An archive could be made up of many documents on a target’s webpages that they thought to hide via complex directory/file names.
Sometimes these archives are comprised of logs created by messaging solutions (IRC, Slack, etc.) used by developer/engineer teams and/or something like commit histories (usually with a fair amount of conversation/debate) used by international teams of developers/engineers.
And as was the case in the archive shown in Part 1, these caches of material have often broken engagements or some phase of an engagement wide open for me…
The employees responsible for the archives and/or storing the material within them often did or do not have Information Security training or awareness; thus, it is not unusual to find archives that contain material perfect for building a social engineering campaign (internal email/document templates, contact information not otherwise available publicly, employee/customer/client personal identification data, etc.), PAC files, certificates, material containing valid credentials and/or providing insider knowledge of the configurations of network hosts/appliances/defenses…
An example of an unconventional archive
During an external penetration testing engagement, a web development company doing work on the target’s IP space made some mistakes that allowed me to access an OSINT rich archive.
The archive was found via manual searching the target’s IP space with a technique that will be discussed a bit later in this release.
Configurations that were put in place by the web development company (for the convenience of the web development company) rendered everything seen in the images within this section publicly accessible with Administrator rights, including all of the resources that comprised the web dev provider’s Content Management System (CMS).
This archive provided considerable data that could have been used against either of the companies or any of the employee’s involved in this project, as I had full view of the day to day operations involved in the project the CMS was established to undertake (employee calenders which included scheduling, emails, ticketing system, tasks underway/completed, etc.).
Quite a bit of OSINT relevant to the web development company, it’s employees and our mutual client could be downloaded via the Media Center option or otherwise accessed via the “Manage Files” option; the contents of either could have had valuable metadata stripped from the content present there.

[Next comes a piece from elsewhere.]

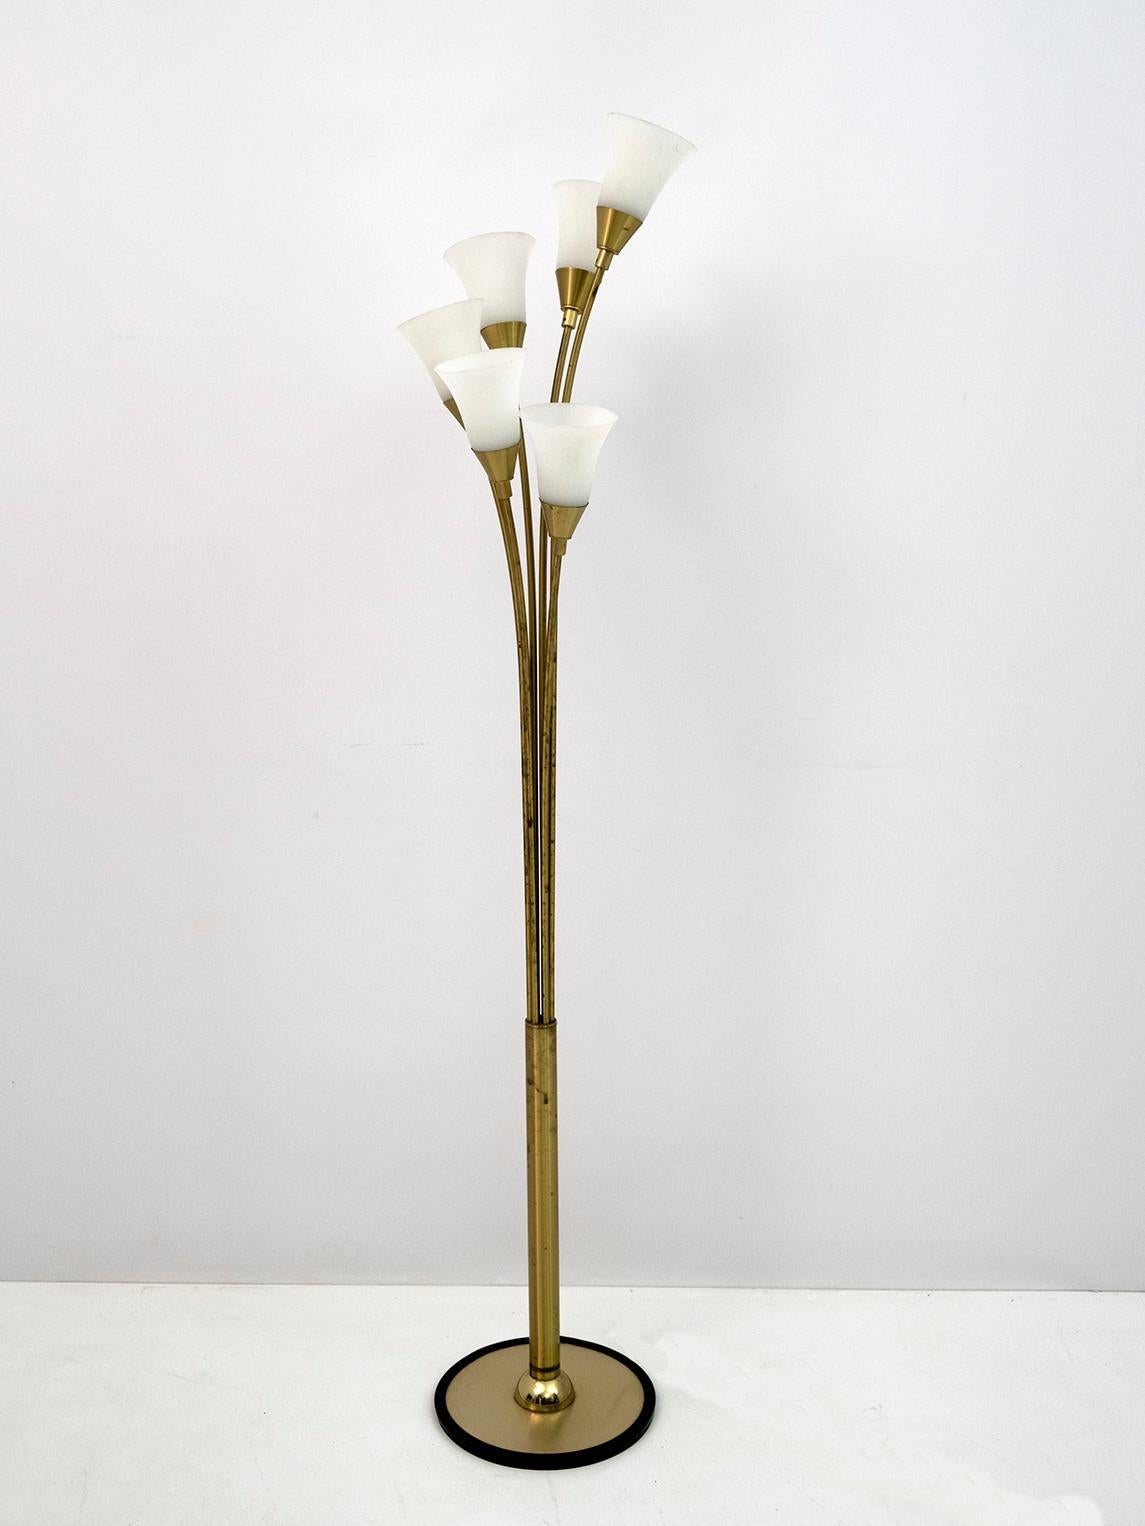 Lampadaire tulipe, en laiton doré, composé de six tiges qui supportent des coupelles en verre opalin. Système électrique fonctionnel, disponible avec des adaptateurs pour les ampoules américaines. 
Production italienne des années 1960.

Further testing showed that this archive could have been found through other means, like Search Engine Dorking vs. email addresses belonging to web development company employees that were included in certain sections of the CMS.
This yielded quite a bit of OSINT that could have been used against our mutual client and the web development company itself…
I could read some of the web dev provider’s internal emails to/from our mutual client and between the web development company’s employees who were working on this project.
Also, I could access employee information belonging to all 11 of the web development company’s employees (which included some private/personal information for 7 of the employees via the “View Profiles” tab) working on this project, including the Sales staff involved.
The CMS also allowed me to access completed email and invoice templates the web development company had been contracted to create for our mutual client.
Along with the other data the CMS provided, these templates would have been the perfect finishing touch to add extra potency to social engineering attacks toward exploitation or fraud vs. either of the companies concerned.
As I mentioned in Part 1 of this release, by accident or on purpose, the majority of companies I have engaged had some manner of OSINT rich archives sitting somewhere on the Internet, publicly available.
Most of the attacks I conduct have a limited duration, which means I cannot spend forever looking for just these archives.
Fortunately, I have developed some processes to locate these and other sources of valuable intelligence as I do other things throughout all phases of an engagement, even outside of prescribed/formal reconnaissance/enumeration phases.
As early as possible during an engagement, I run multiple automated tools against the target’s root domain, as these require no extra attention on my part and allow me to undertake more manual methods/means of reconnaissance/enumeration.
Image above: Pagodo automated dorking, Datasploit and Spiderfoot all running on the same machine during an engagement. As the resources necessary to run these separately or individually are not overly taxing on a machine (I run Spiderfoot continually throughout an engagement, often in combinations with other automated tools such as Pagodo and Pymeta, using a 512 ram Dell Dimension Desktop from 2004), multiple instances can be deployed fairly quickly if need be, yielding quite a bit of invaluable information concerning a target vs. very little logistical cost in comparison.
These tools include Spiderfoot, OWASP Amass, Pymeta and Pagoda vs a root domain, which help establish what I call “Passive Advantage”: these tools are enumerating the target without any extra energy/attention investment on my part past starting the tools (and depending on the engagement/operation, starting/establishing means to obfuscate these tools).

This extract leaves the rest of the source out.